Symptom: The scraper logs are filled with connection errors or HTTP 5xx status codes when trying to contact the main API service.

  1. Confirm API Unavailability: Follow the triage steps in the API Service Runbook to diagnose and resolve the issue with the main API.

  2. Temporarily Disable Ingestion: If the API service requires extended downtime, you can prevent the scraper from generating further errors by configuring it to write to disk instead of sending to the API. This is done by submitting a POST request to the /scrape endpoint with send_to_api set to false.

    Note

    This is a temporary measure. Once the API is restored, the data written to disk will need to be manually ingested.

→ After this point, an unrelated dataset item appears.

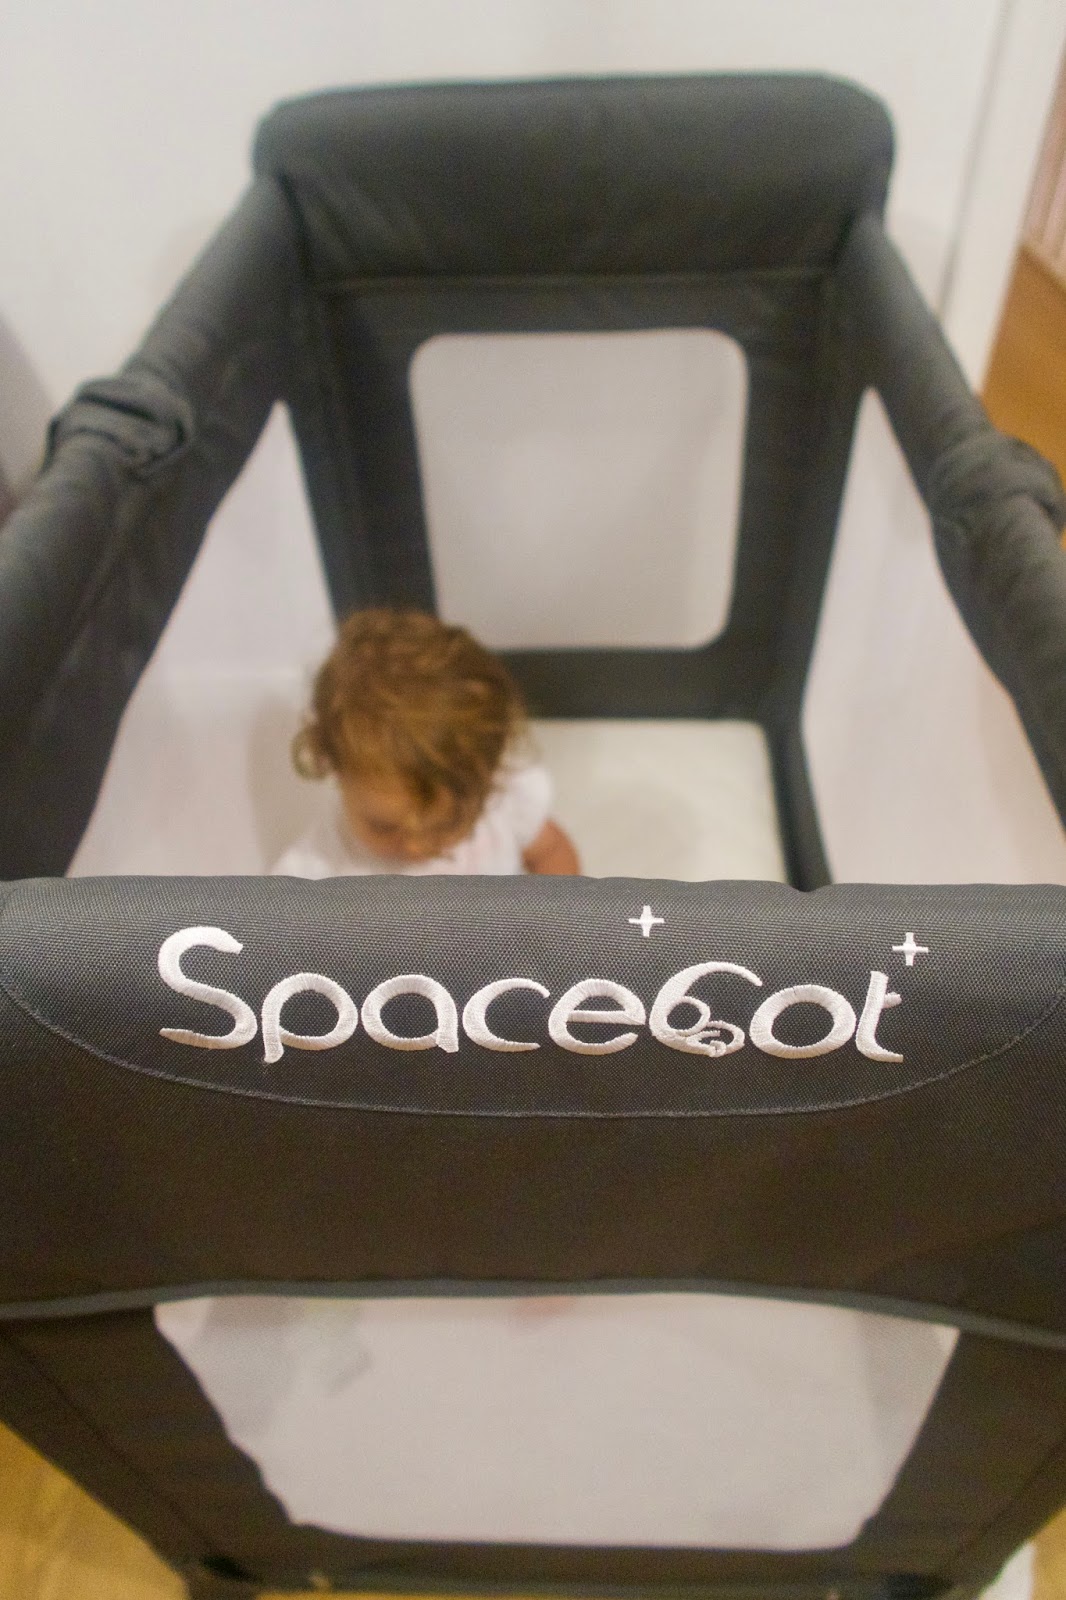 spacecot travel cot mattress size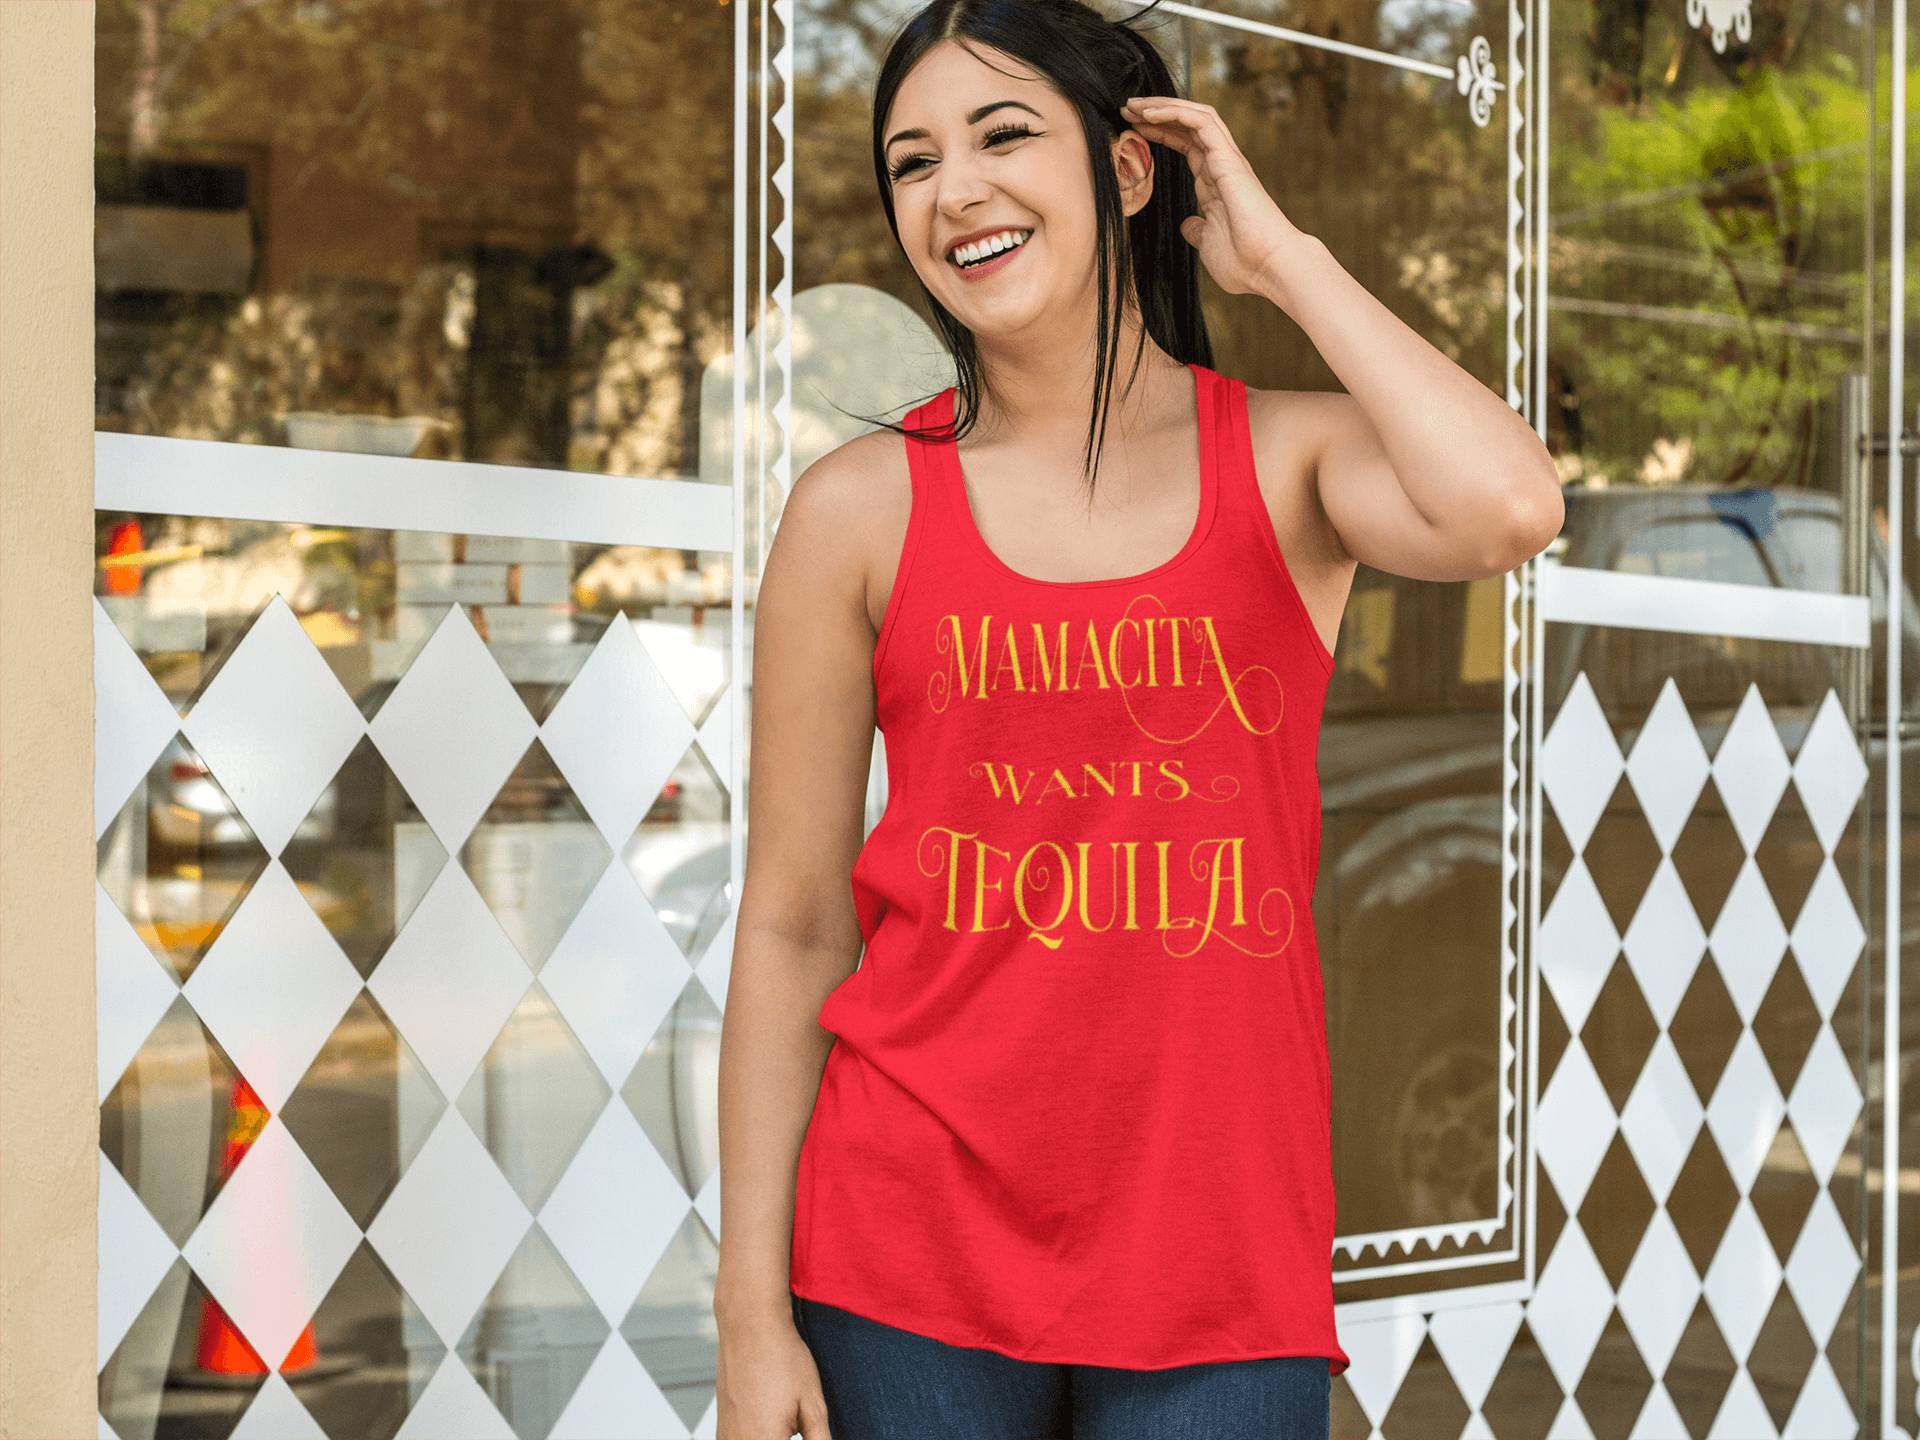 Red racerback tank with the text, "Mamacita Wants Tequila" in scriptive font and yellow ink. This sexy tee comes in sizes small thru 3XL. It is available at www.sanchezhere.com

Symptom: The scraper is running but is extremely slow, or the container is frequently restarting.

  1. Check Container Resource Usage: Use docker stats to check the CPU and memory usage of the scraper container.

    docker stats scraper
    

  2. Increase Resources: If the container is hitting its resource limits, increase the memory or CPU allocation in your docker-compose.yml file.


Post-Incident Actions

  • Root Cause Analysis: Determine why the job stalled or the lock was not released. Was it a network blip, a bug in a provider, or a non-graceful shutdown?
  • Improve Lock Management: Investigate adding a TTL (Time To Live) to the job locks in state.py so that they expire automatically after a reasonable period.
  • Enhance Health Checks: The /health endpoint could be improved to include the status of the scheduler and the age of the last successfully completed job.